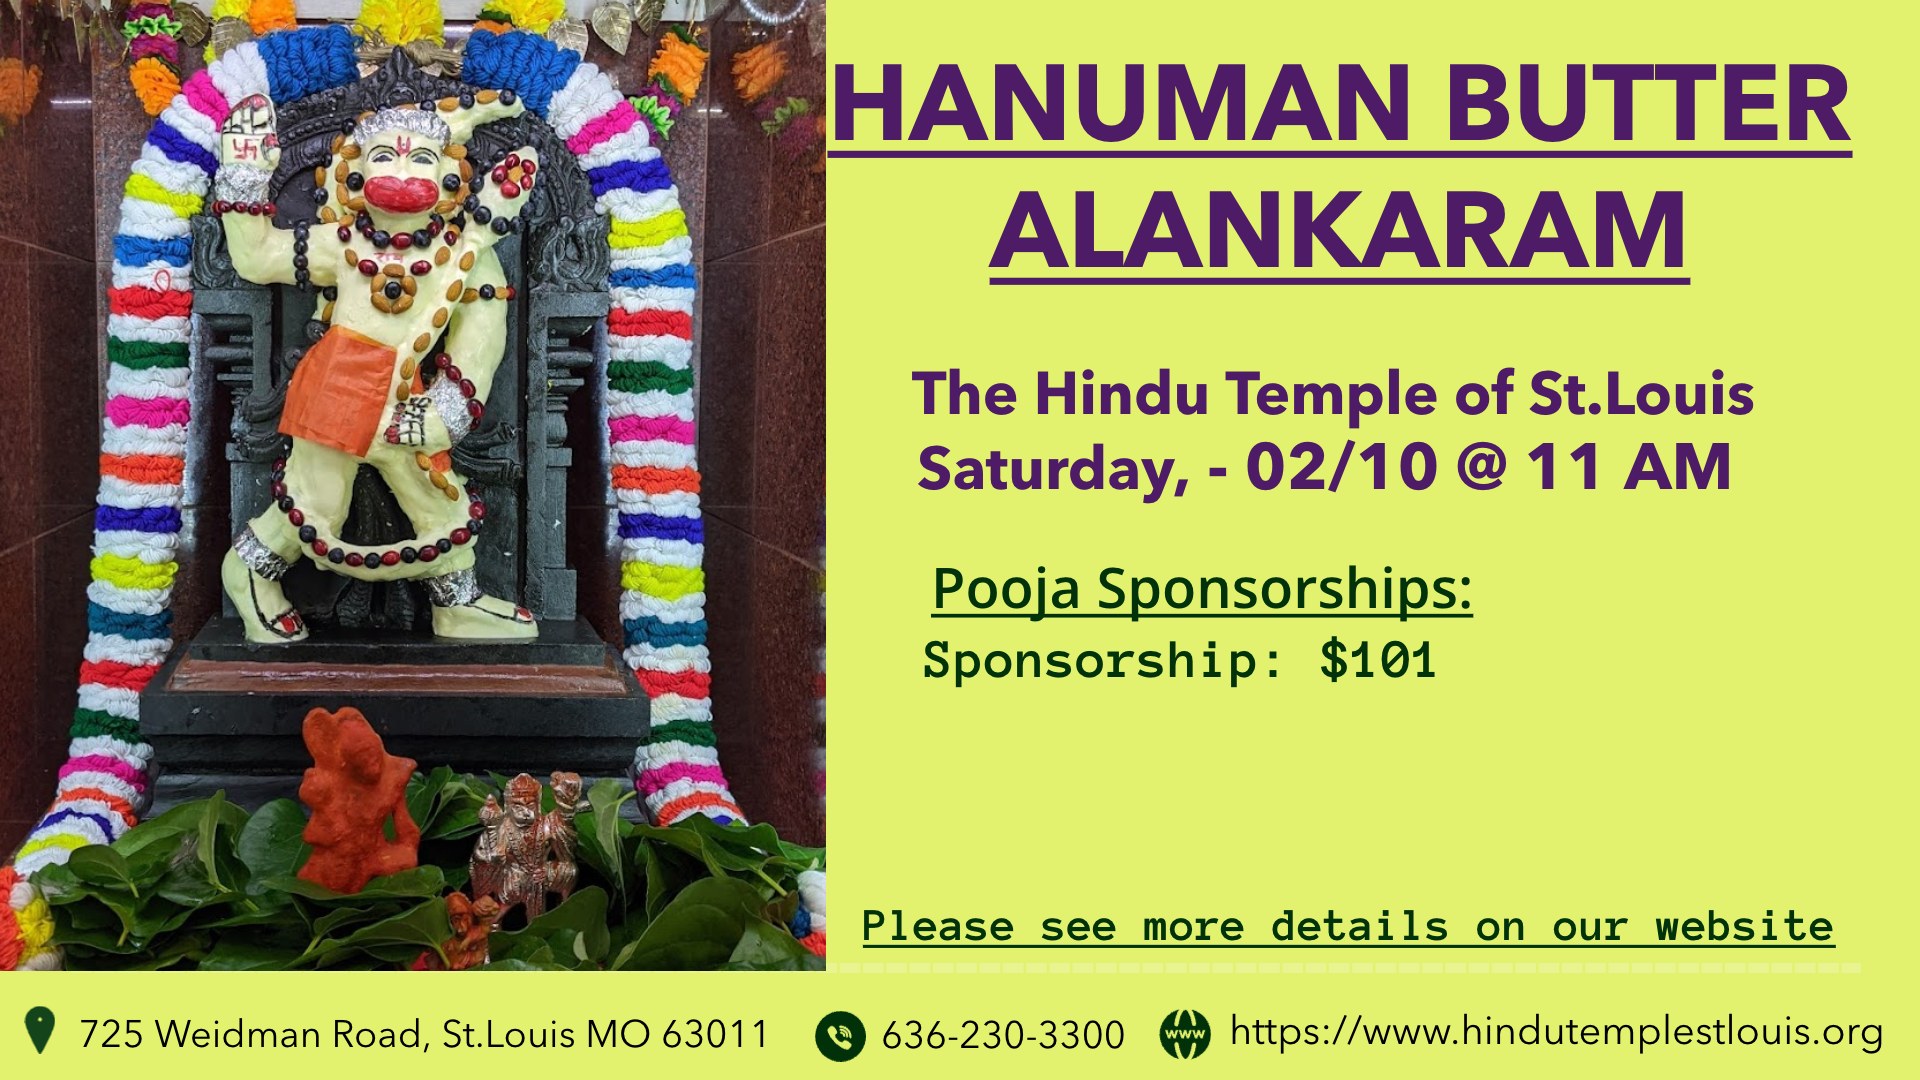 Hanuman Butter Alankaram Sponsorship
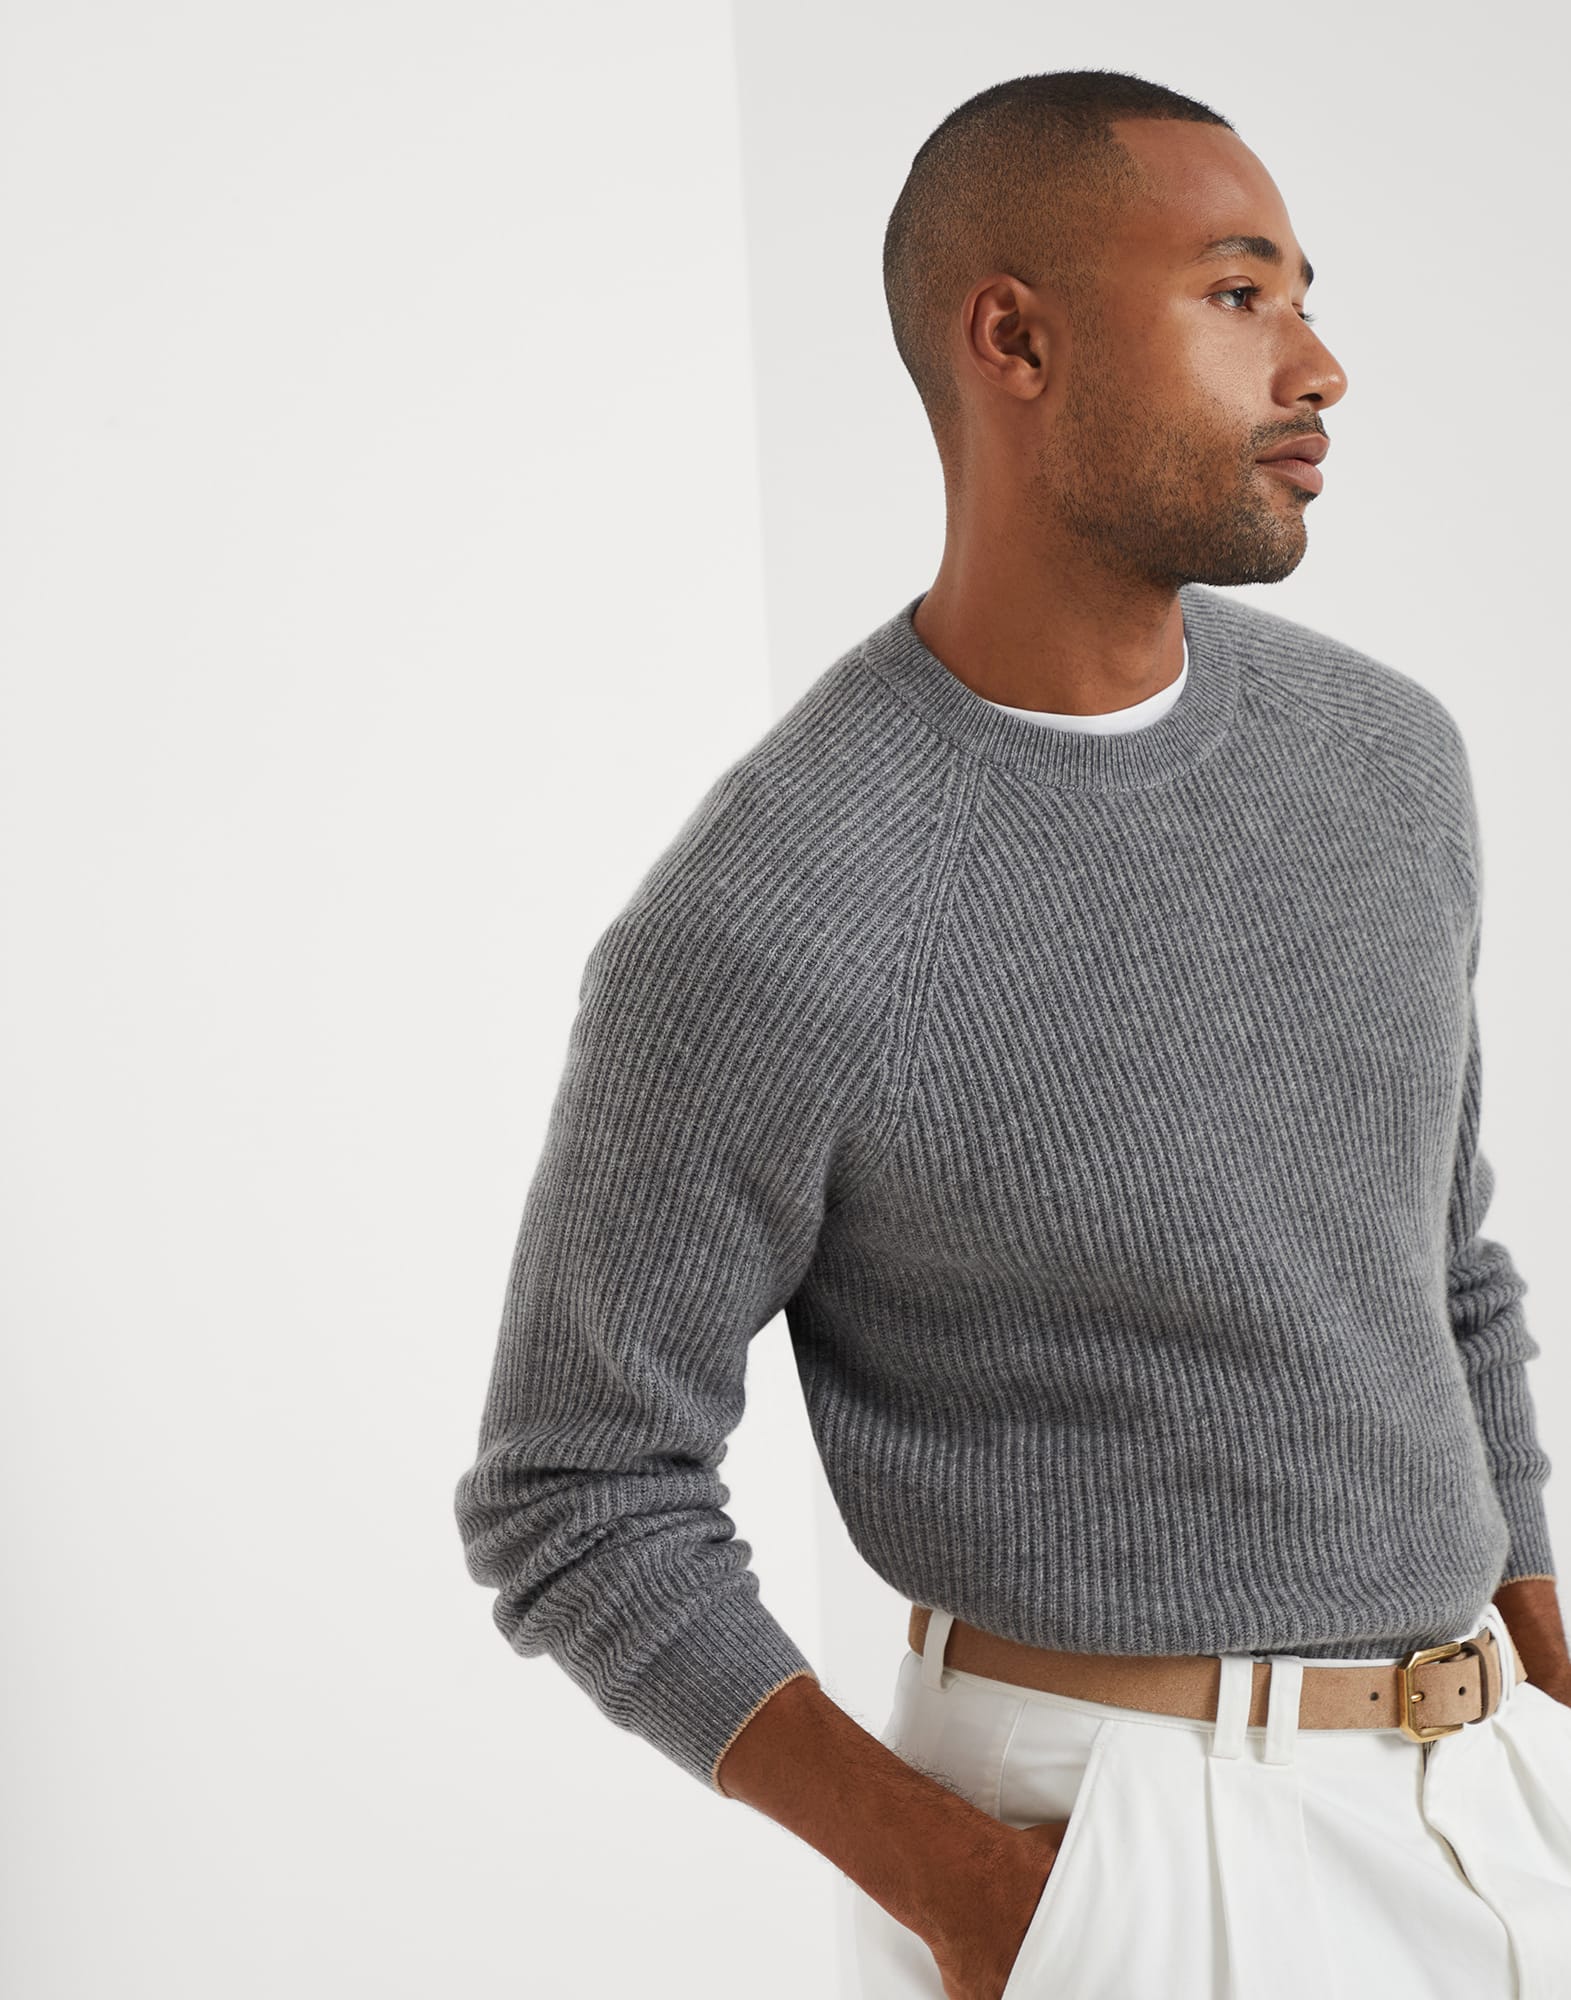 English Rib knit sweater (241M2274100) for Man
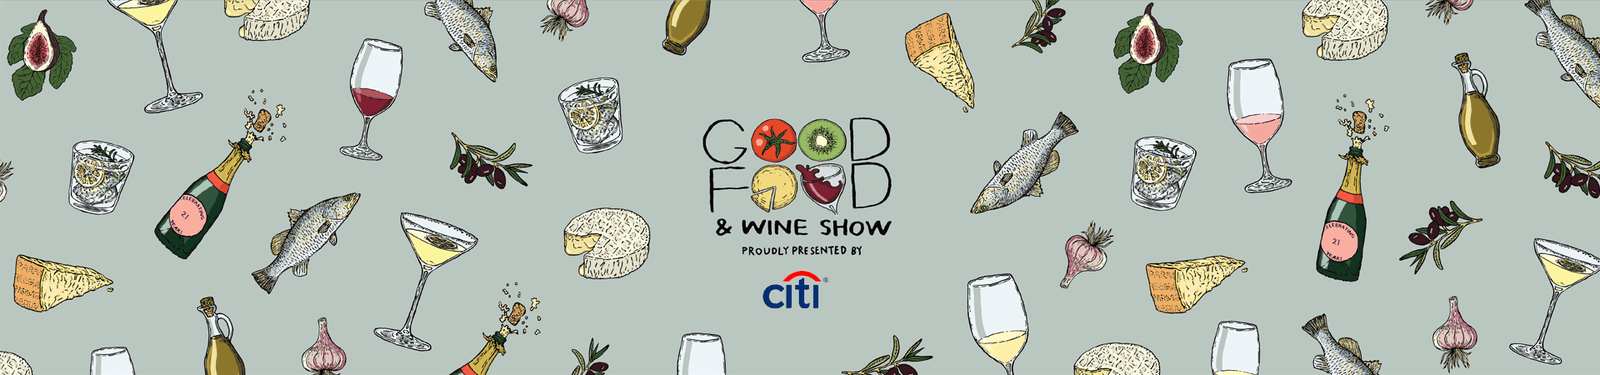 Good Food & Wine Show-2023
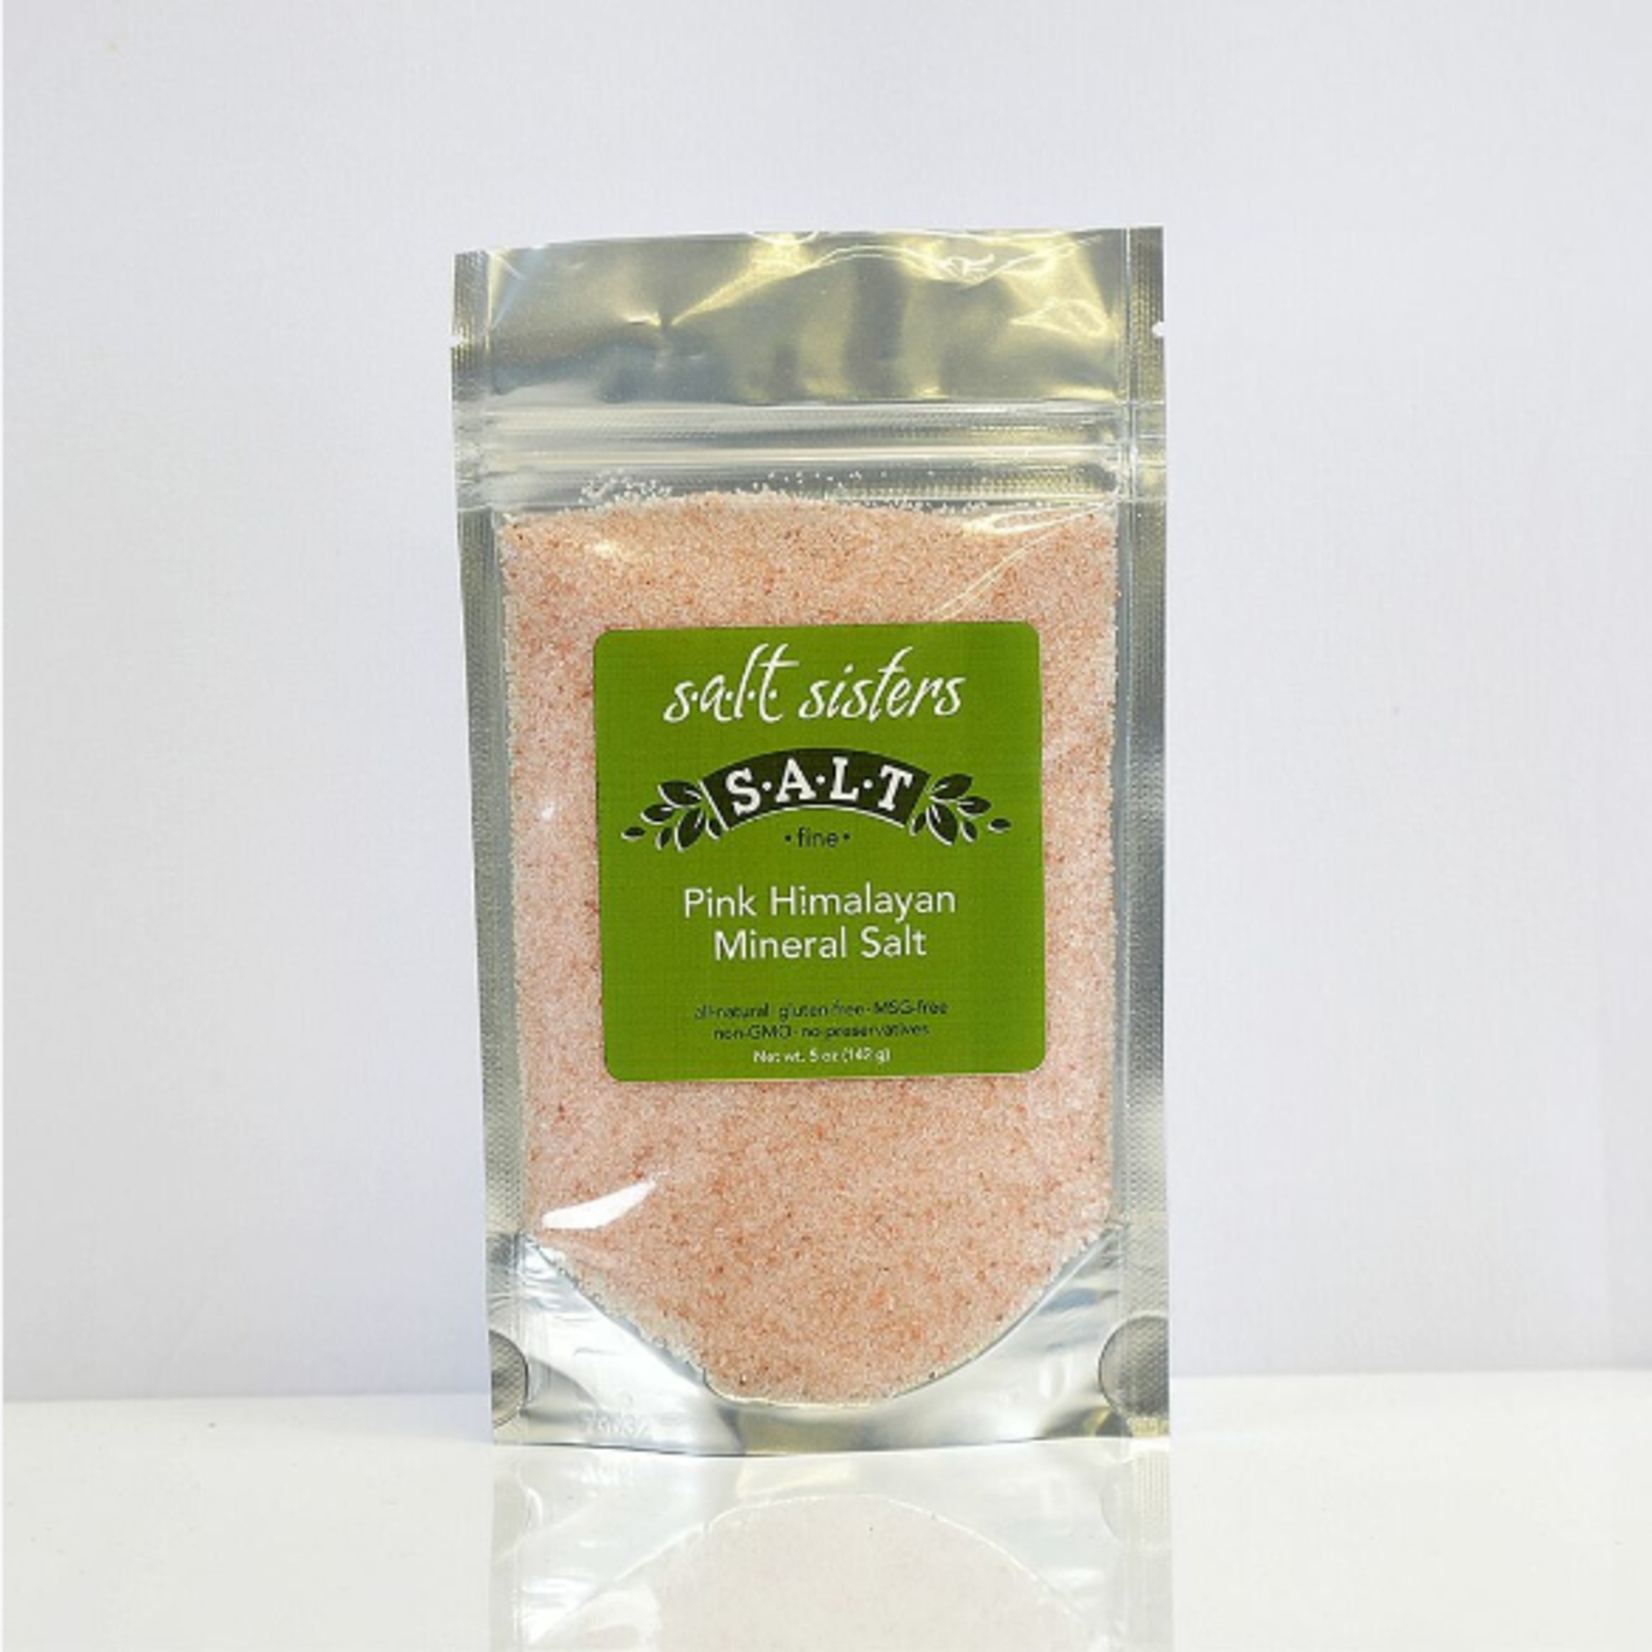 Salt Sisters Pink Himalayan Mineral Salt, fine

■ WHAT YOU ARE ASKED TO DO ■
Everything from the line that contains "Good Food & Wine Show-2023" to the final line of the data is to be duplicated exactly, both ends included, except the pictures.

■ OUTPUT BELOW ■
 Good Food & Wine Show-2023
 Salt Sisters Pink Himalayan Mineral Salt, fine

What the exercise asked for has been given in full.